:: WHAT TO PRODUCE ::
Look through the entries below for the line with "Leather travel bag Louis Vuitton" and the line with "Blue angel by Tangjinhang", then give again exactly those two lines and all lines between them, minus the pictures.

:: ENTRIES SUPPLIED ::

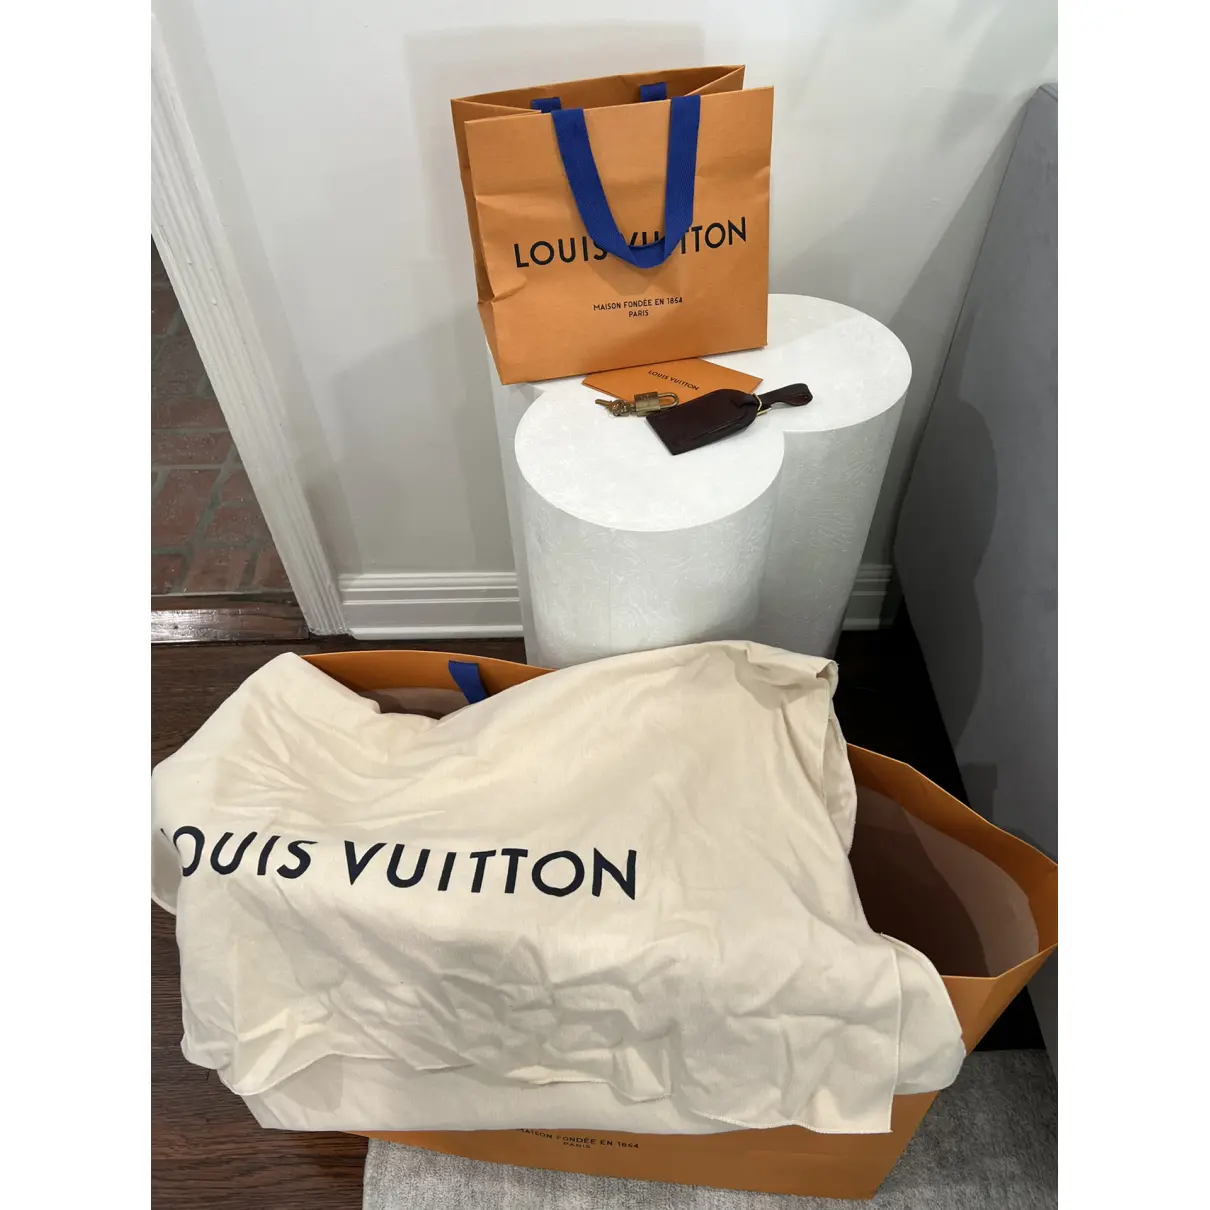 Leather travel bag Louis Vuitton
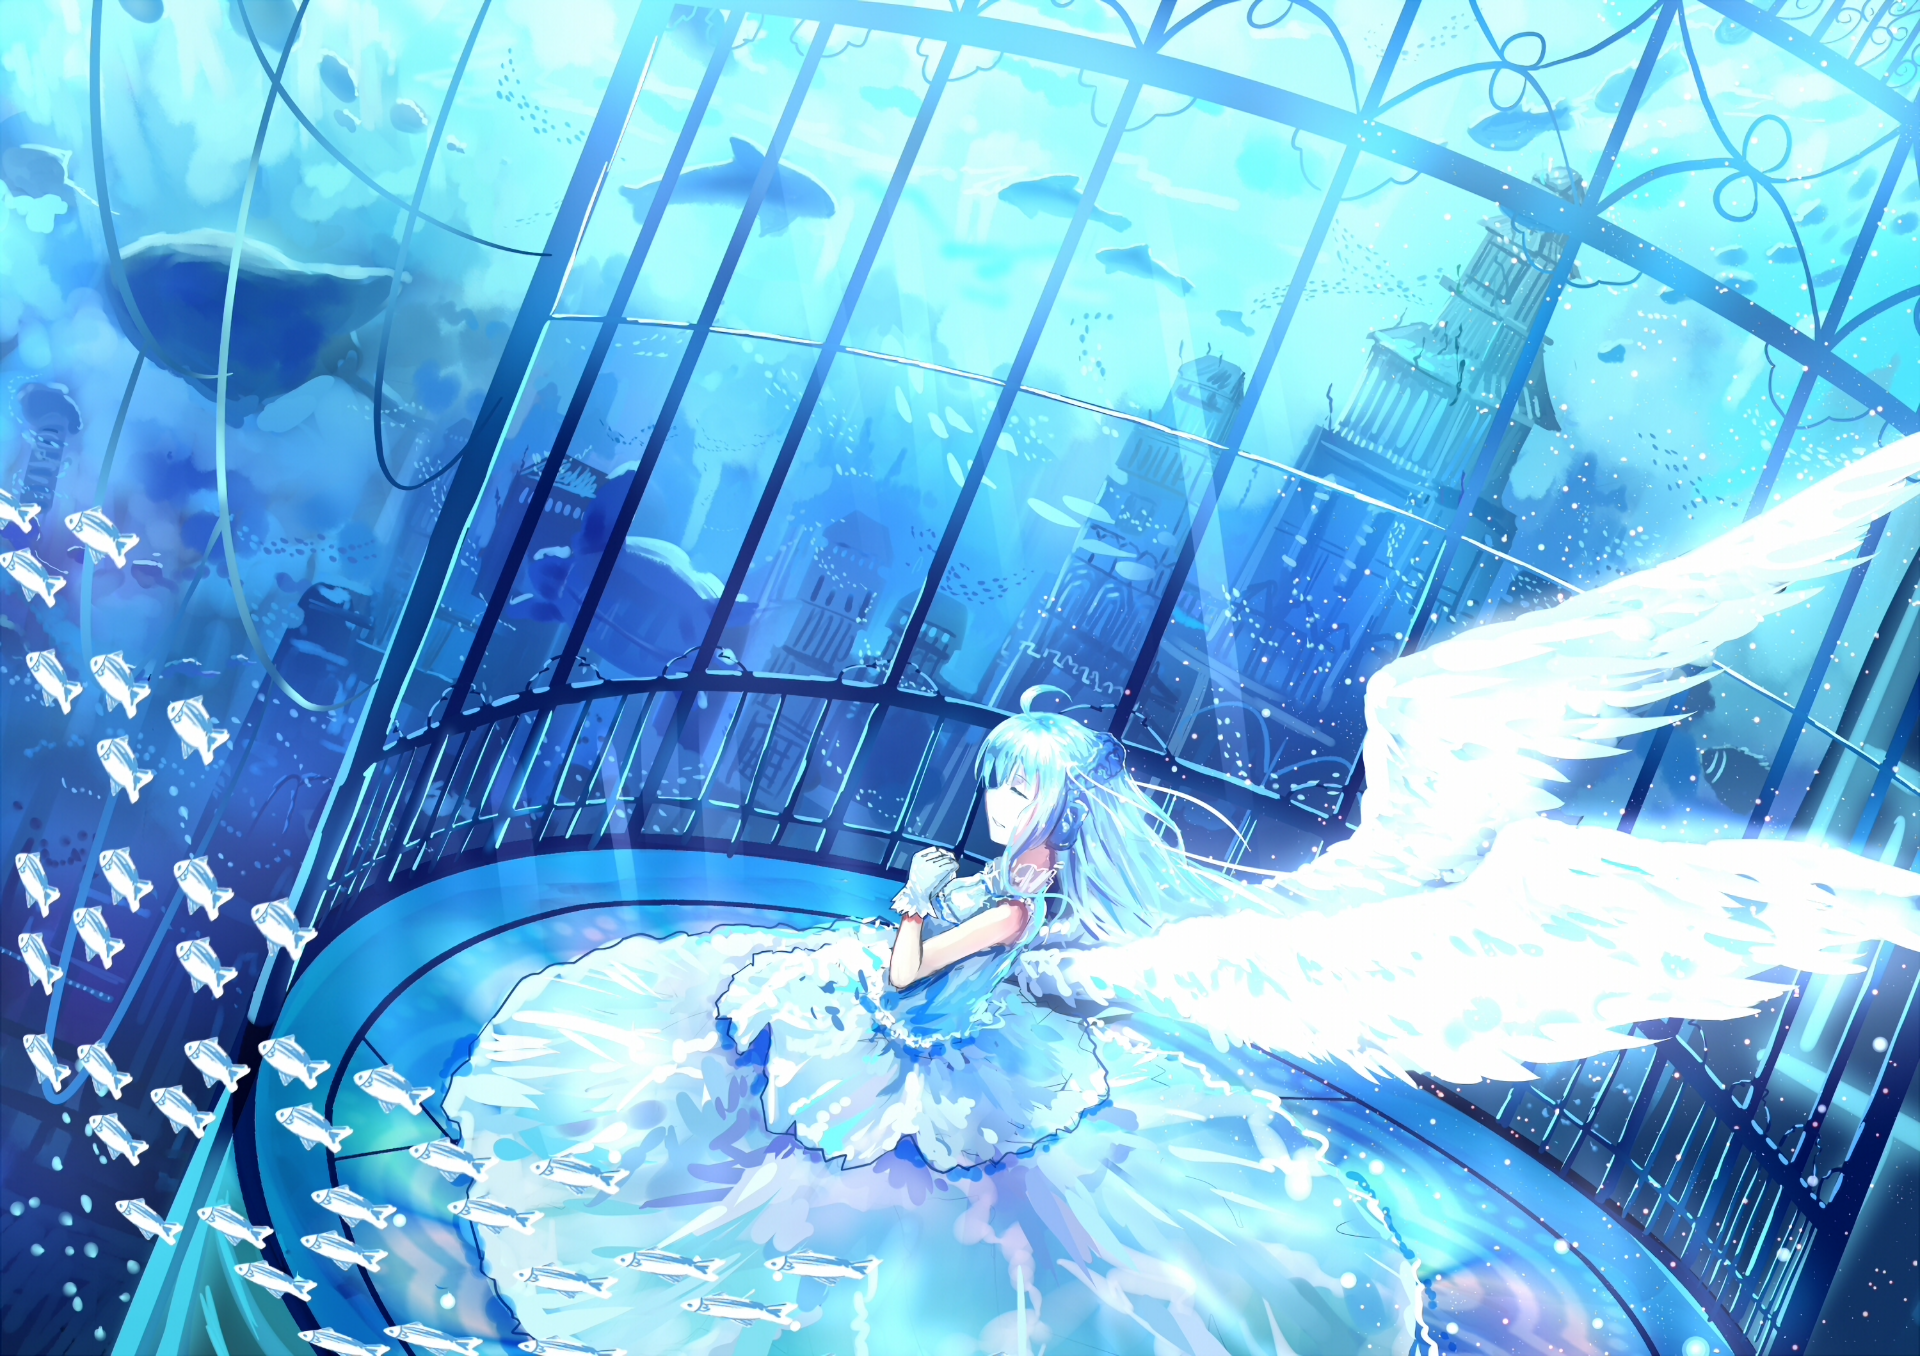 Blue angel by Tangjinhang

--

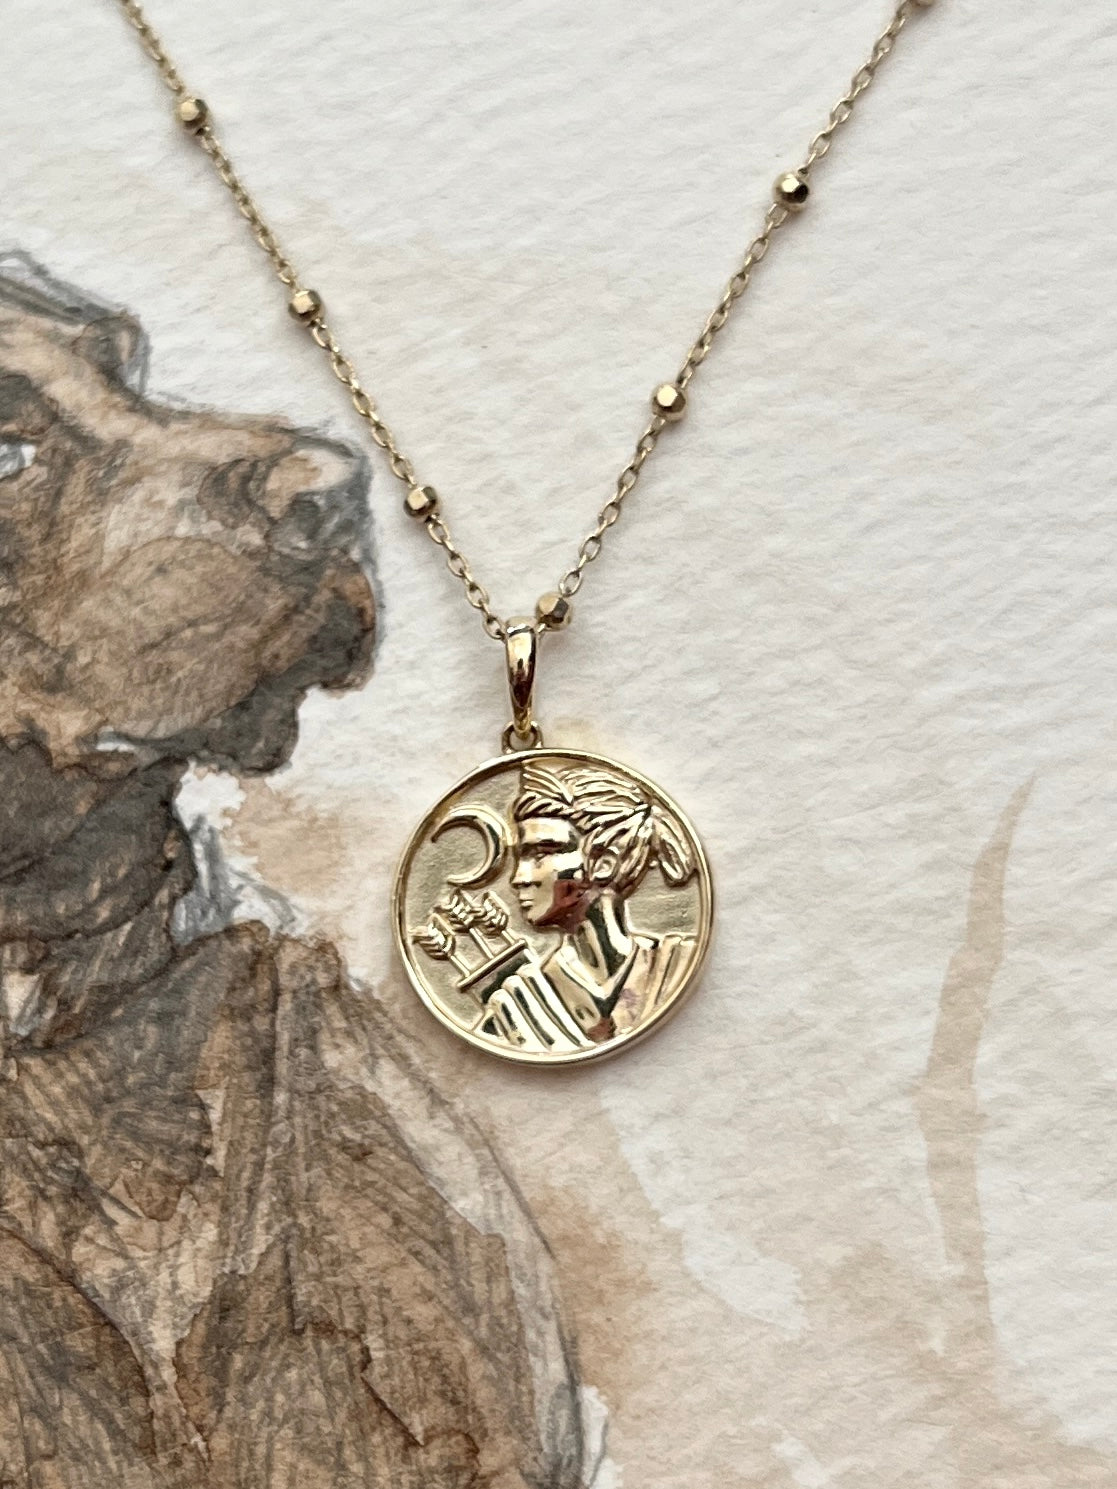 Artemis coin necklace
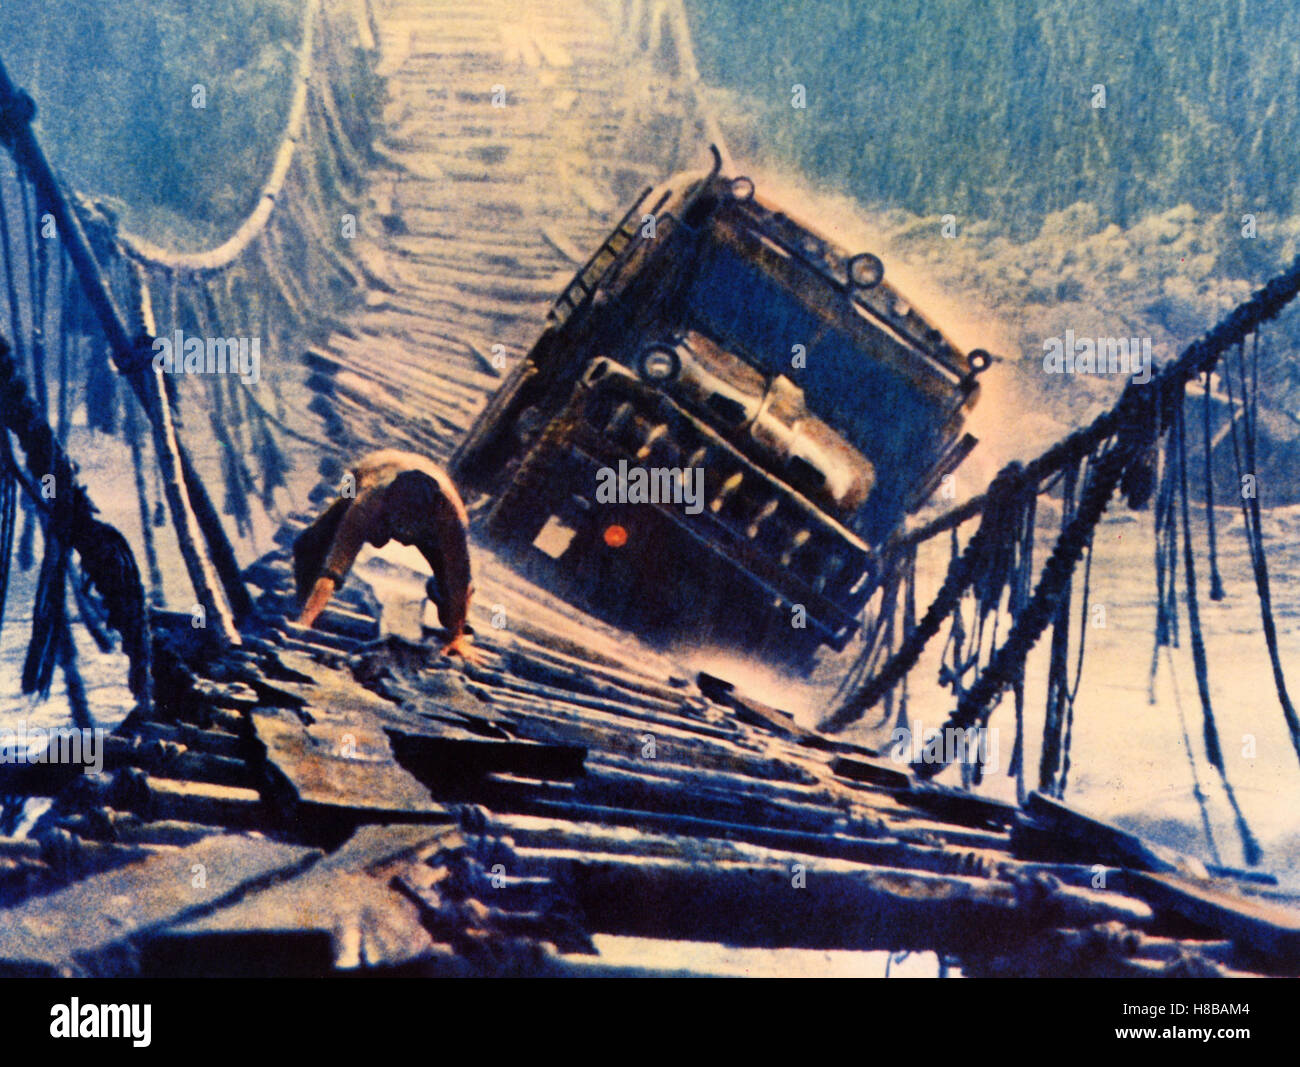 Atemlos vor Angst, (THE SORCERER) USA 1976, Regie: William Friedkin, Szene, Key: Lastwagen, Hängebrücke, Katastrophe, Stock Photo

:: ANSWER BOX ::
 Leather travel bag Louis Vuitton
 Blue angel by Tangjinhang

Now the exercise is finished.